BETANEWS.ID, JEPARA- Pemerintah Pusat telah menetapkan cuti bersama Hari Raya Idul Fitri 2023 mulai tanggal 21 April hingga 26 April. Pada tanggal 27 April mendatang, seluruh ASN harus kembali bekerja, meski hari itu tergolong harpitnas (hari kecepit nasional).
Adanya harpitnas di tanggal 27-28 April, PJ Bupati Jepara, Edy Supriyanta menegaskan ASN dilarang untuk mengajukan cuti, terutama bagi para kepala dinas dan para subkoordinator.
Hal tersebut ia sampaikan pada saat memberi arahan dalam High Level Meeting (HLM) Koordinasi Kesiapsiagaan menghadapi bulan Ramadan dan Hari Raya Idul Fitri tahun 2023 di Gedung Sima, Kabupaten Jepara, Senin (20/3/2023).
Baca juga: Kabar Gembira, Mulai Tahun Depan Uji KIR di Jepara Gratis
“Tidak ada pengajuan cuti untuk libur Lebaran tahun ini. Kalau pemerintah daerahnya kerja, kepala dinasnya tidak ada nanti kan bagaimana. Jadi ini tugas kita bersama untuk melayani masyarakat,” tegasnya.

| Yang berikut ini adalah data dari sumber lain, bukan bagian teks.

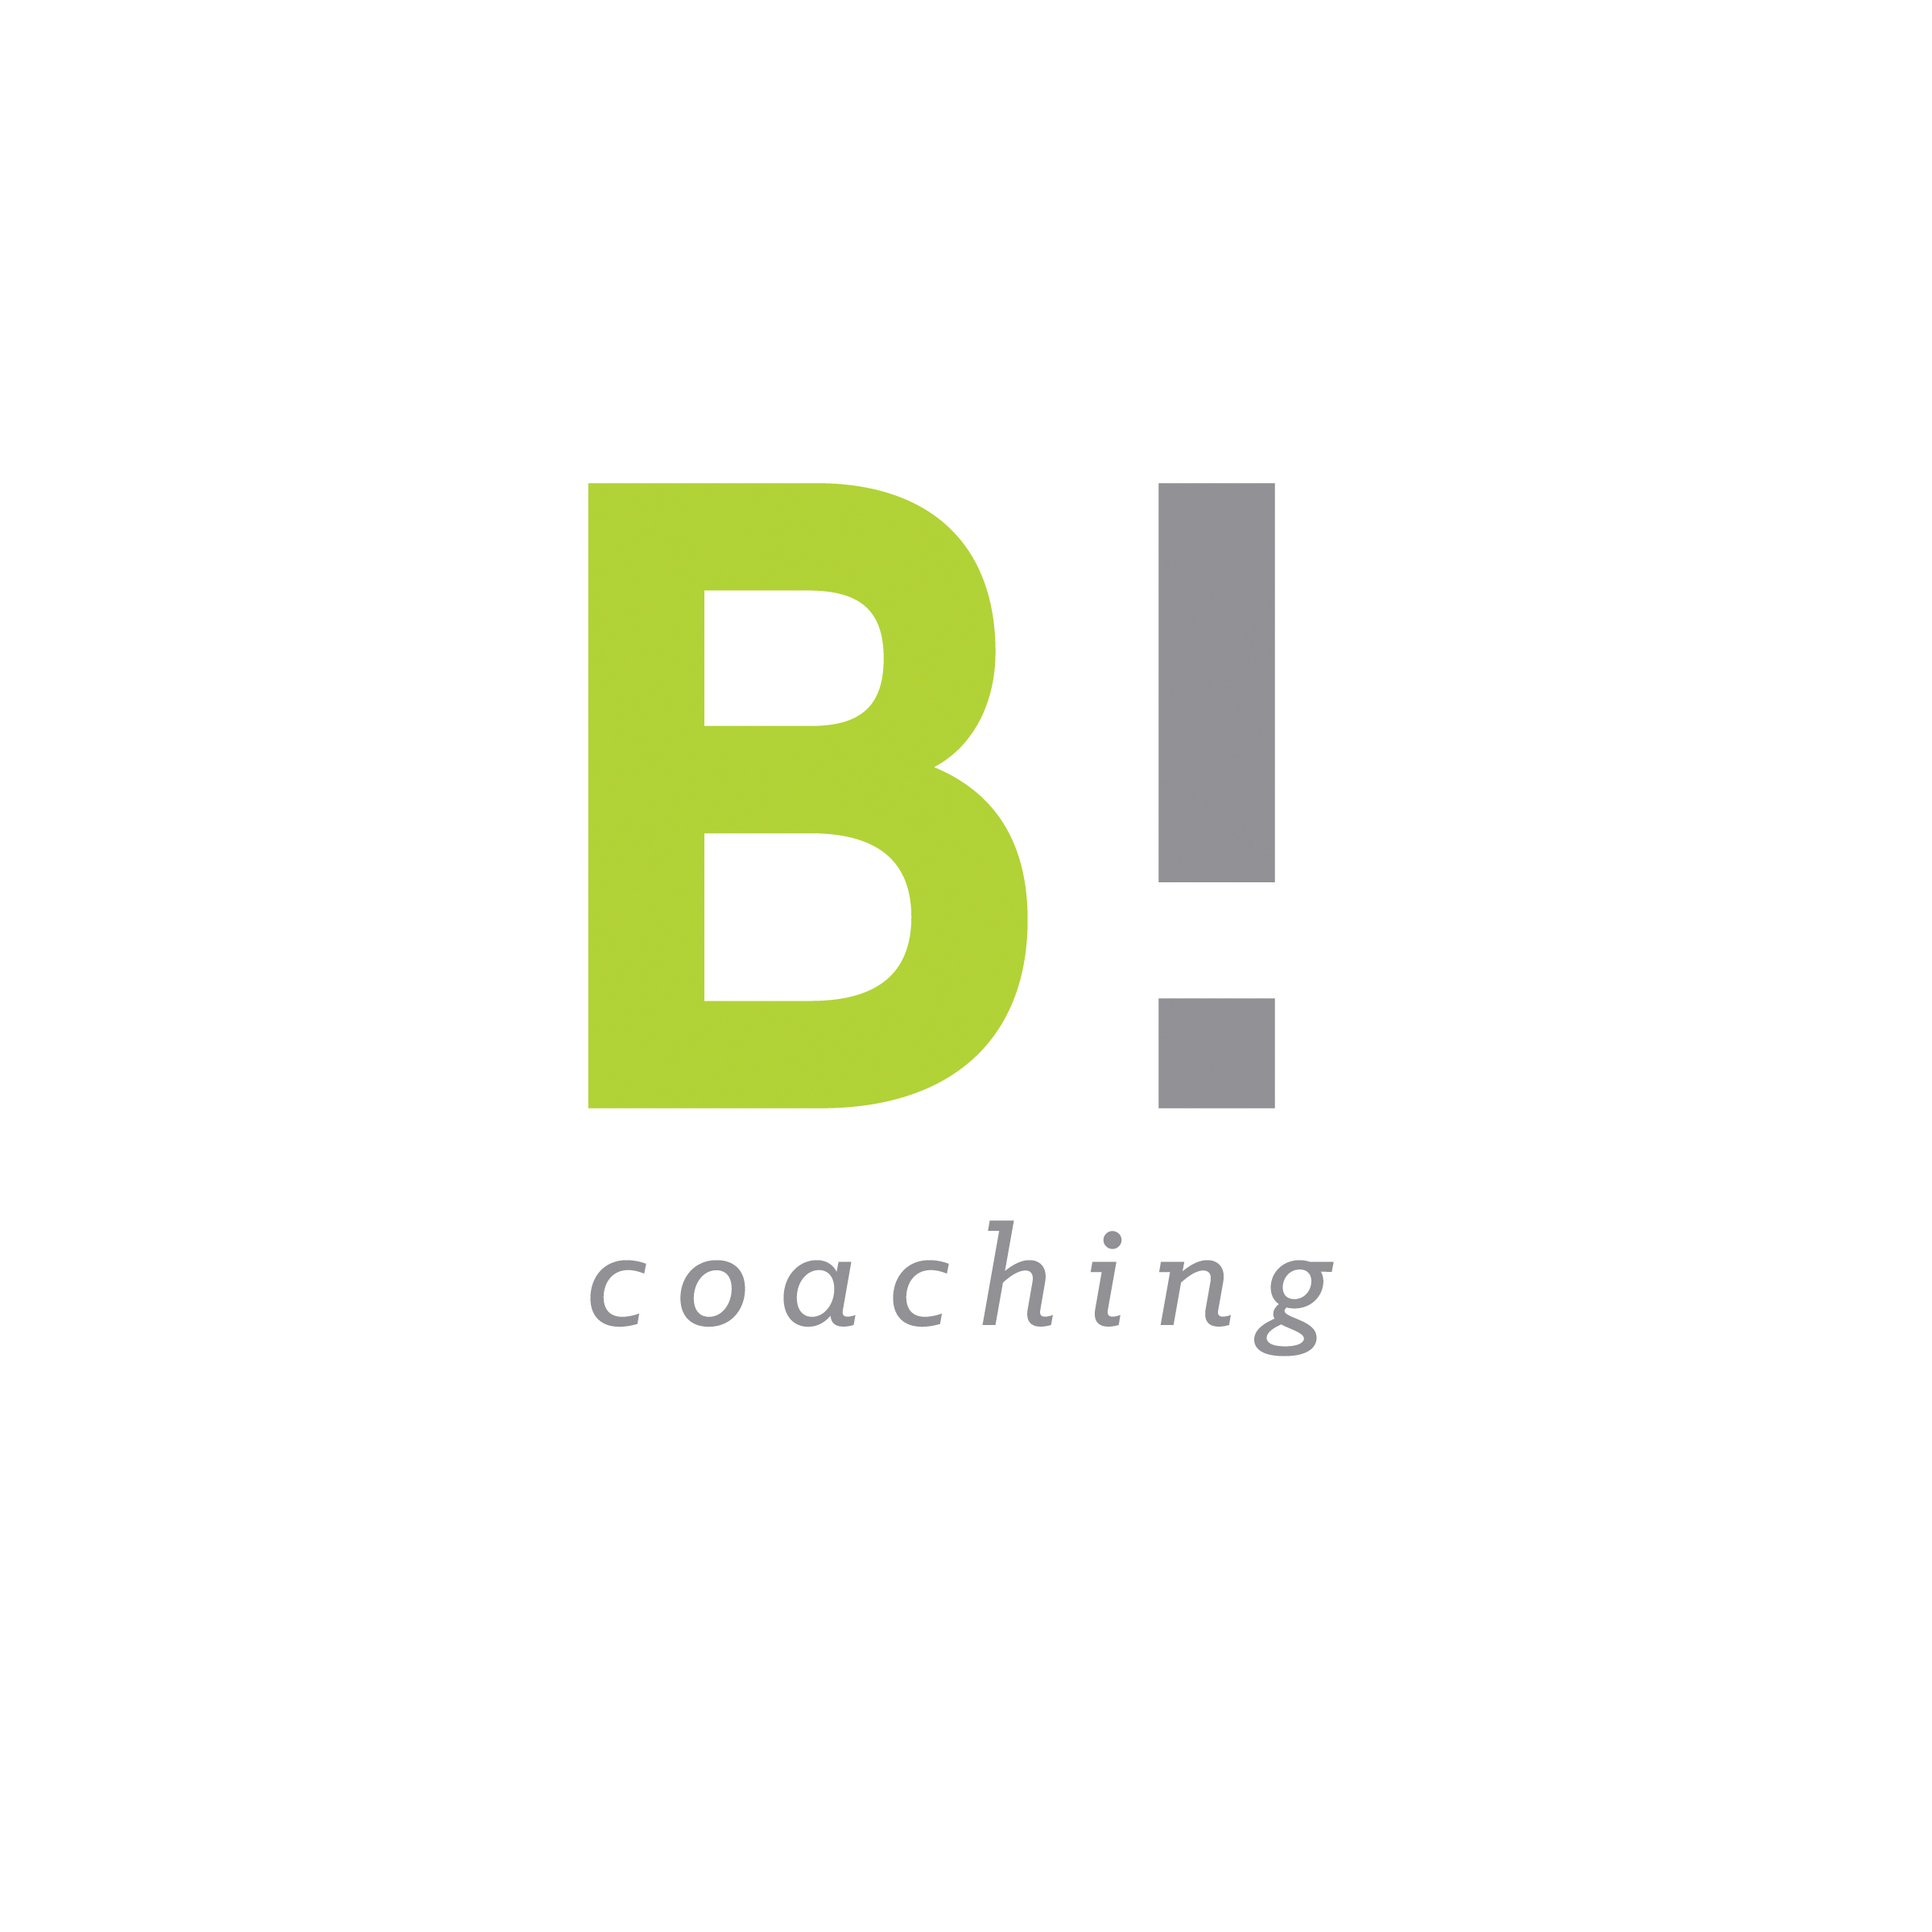 BF insta BF coaching 01.jpg

Hal tersebut juga ditegaskan oleh Sekretaris Daerah (Setda) Jepara, Edi Sujatmiko yang akan menerbitkan surat edaran pelarangan cuti di dua hari tersebut.

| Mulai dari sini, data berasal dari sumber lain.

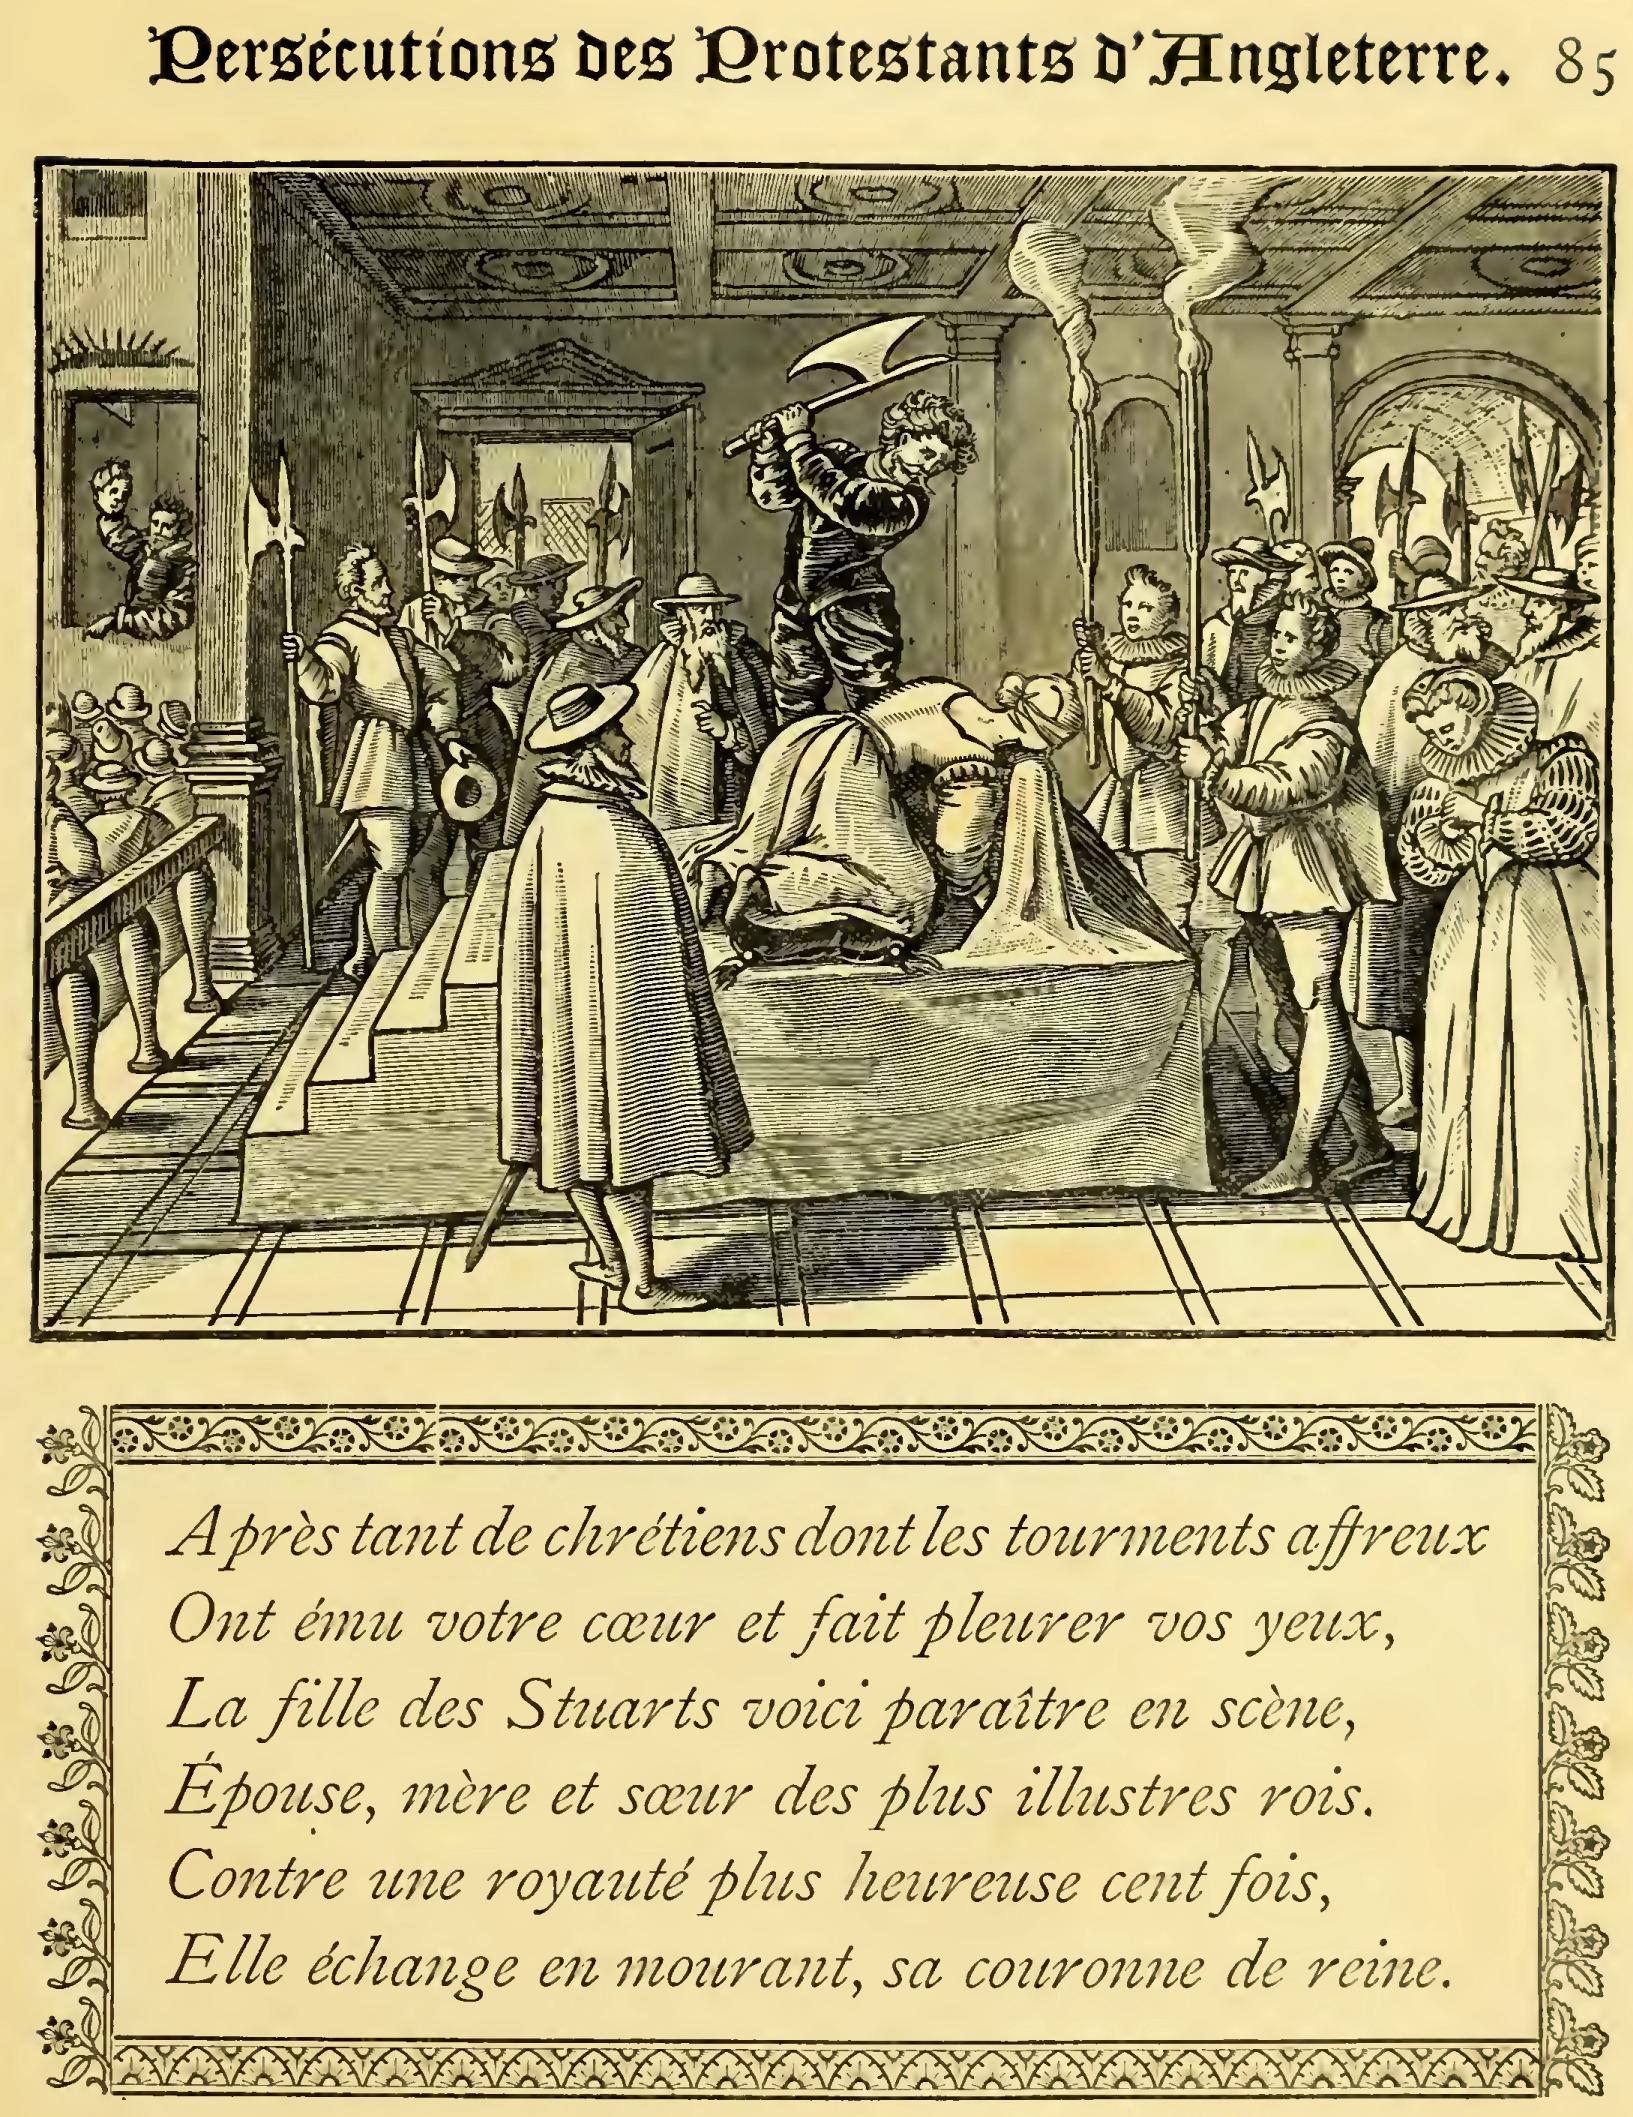 Filethéâtre Des Cruautés Persécutions Des Protestants D

Sementara untuk melakukan antisipasi dan persiapan jelang Ramadan dan Hari Raya Idul Fitri, Pemkab Jepara meminta kepada jajaran Dinas Perhubungan dan Kepolisian untuk terus melakukan koordinasi. Mengingat banyak permasalahan terkait kondisi jalur transportasi.

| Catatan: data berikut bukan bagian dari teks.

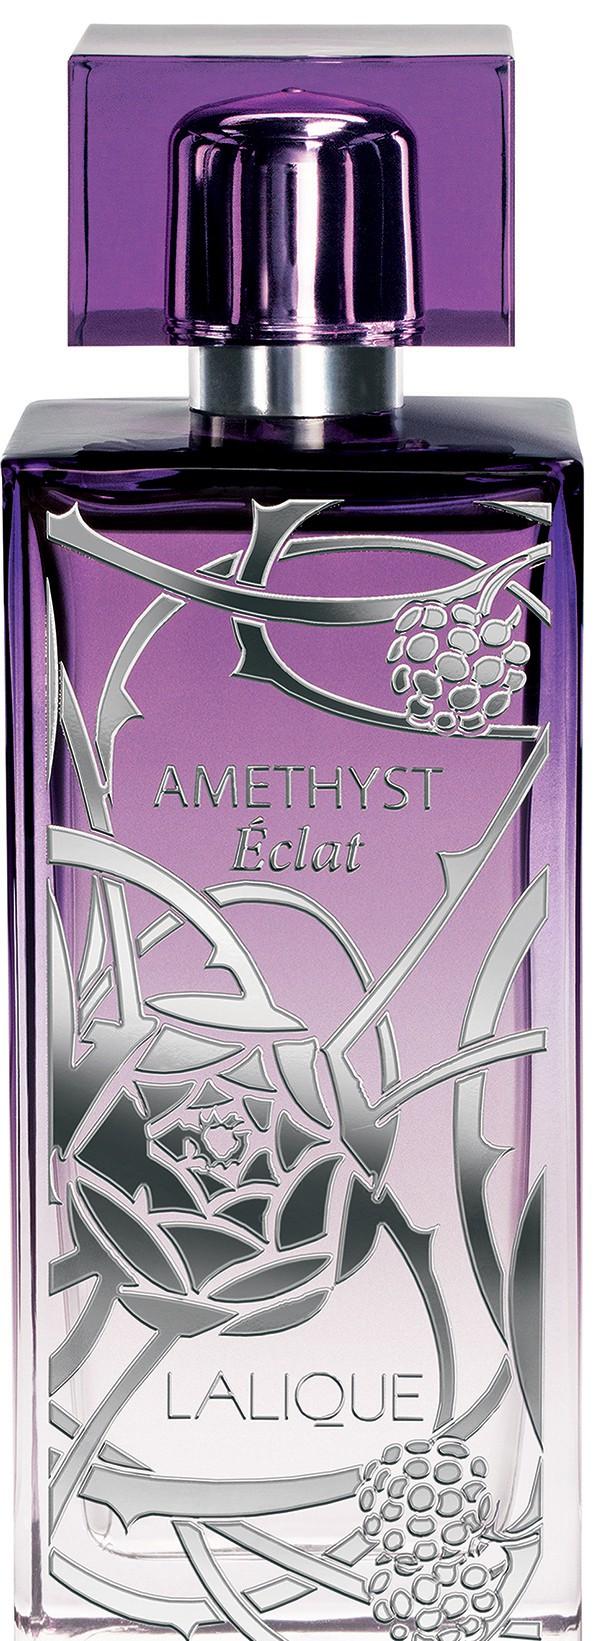 Lalique Amethyst Eclat аромат для женщин

Baca juga: Banyak Istri di Jepara Menggugat Cerai, Munculnya Pabrik Garmen Dituding Jadi Penyebab
Selain banyaknya jalan rusak baik di jalur nasional, provinsi, kabupaten, bahkan di perdesaan yang ada di Jepara, tingginya tingkat mobilitas masyarakat menyebabkan beberapa rusa jalan rawan mengalami kemacetan bahkan menbulkan kecelakaan.
Sejumlah jalan tersebut antara lain ruas jalan di perempatan Nalumsari-Mayong, perempatan Gotri, depan Terminal Pecangaan, simpang tiga BRI Jepara, simpang empat Tugu Kartini, serta di sekitar daerah Alun-alun. Diharapkan ada pemantauan serta pengalihan di area jalan tersebut.